Two client identities in `ai-agents`

dev-ui will be allowed; rogue-ui will be denied.

About — what this does & why

What: Deploys two long-running curl pods backed by distinct ServiceAccounts — dev-ui and rogue-ui — that we use to send traffic at the MCP servers.

Why: Two SPIFFE identities are needed to demonstrate the workload-identity AuthZ in the next lab — one allowed, one denied. sleep infinity keeps them around for repeated kubectl exec curl calls without needing port-forwards.

kubectl --context $CLUSTER1 apply -f - <<'EOF'
apiVersion: v1
kind: ServiceAccount
metadata: { name: dev-ui, namespace: ai-agents }
---
apiVersion: apps/v1
kind: Deployment
metadata: { name: dev-ui, namespace: ai-agents }
spec:
  replicas: 1
  selector: { matchLabels: { app: dev-ui } }
  template:
    metadata: { labels: { app: dev-ui } }
    spec:
      serviceAccountName: dev-ui
      containers:
      - name: c
        image: curlimages/curl:8.5.0
        command: ["sleep", "infinity"]
---
apiVersion: v1
kind: ServiceAccount
metadata: { name: rogue-ui, namespace: ai-agents }
---
apiVersion: apps/v1
kind: Deployment
metadata: { name: rogue-ui, namespace: ai-agents }
spec:
  replicas: 1
  selector: { matchLabels: { app: rogue-ui } }
  template:
    metadata: { labels: { app: rogue-ui } }
    spec:
      serviceAccountName: rogue-ui
      containers:
      - name: c
        image: curlimages/curl:8.5.0
        command: ["sleep", "infinity"]
EOF

kubectl --context $CLUSTER1 -n ai-agents wait --for=condition=Ready pod --all --timeout=120s

Baseline — both clients can reach `inventory-mcp` (no waypoint yet)

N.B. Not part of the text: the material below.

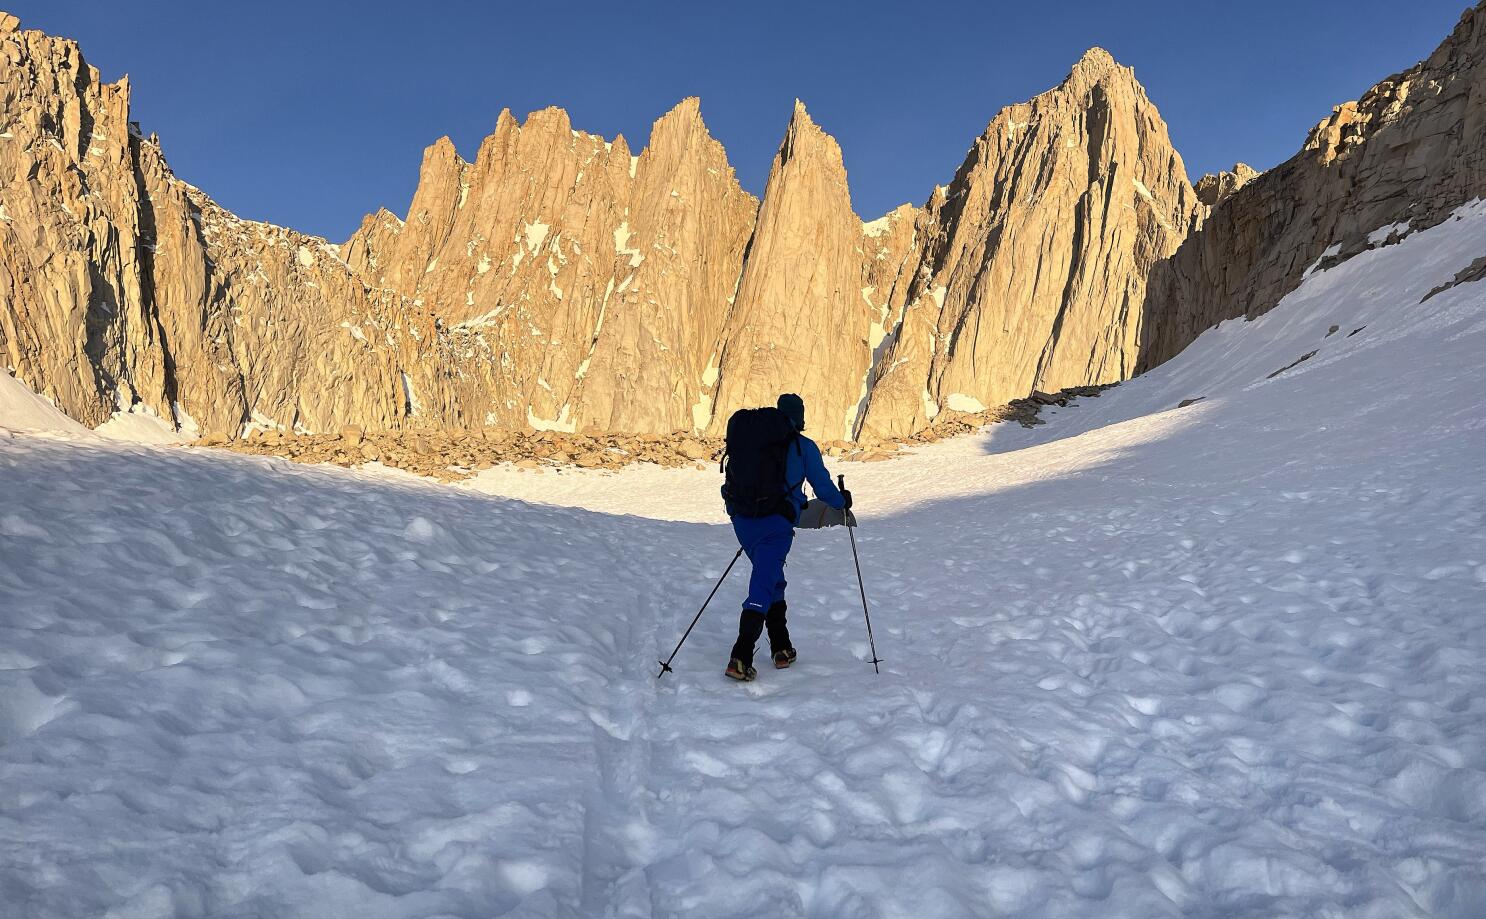 Mt. Whitney: A perilous trek to the top of California's record

About — what this does & why

What: Hits inventory-mcp from both dev-ui and rogue-ui over the regular Service hostname, prints the HTTP status code.

Why: Establishes the "before" state — without a waypoint and without an AuthZ policy, ambient mTLS still encrypts the calls but doesn't filter them. Both clients should get 200. After LAB 2 the same command will return 200 for dev-ui and 403 for rogue-ui — the diff is what proves the policy is doing real work.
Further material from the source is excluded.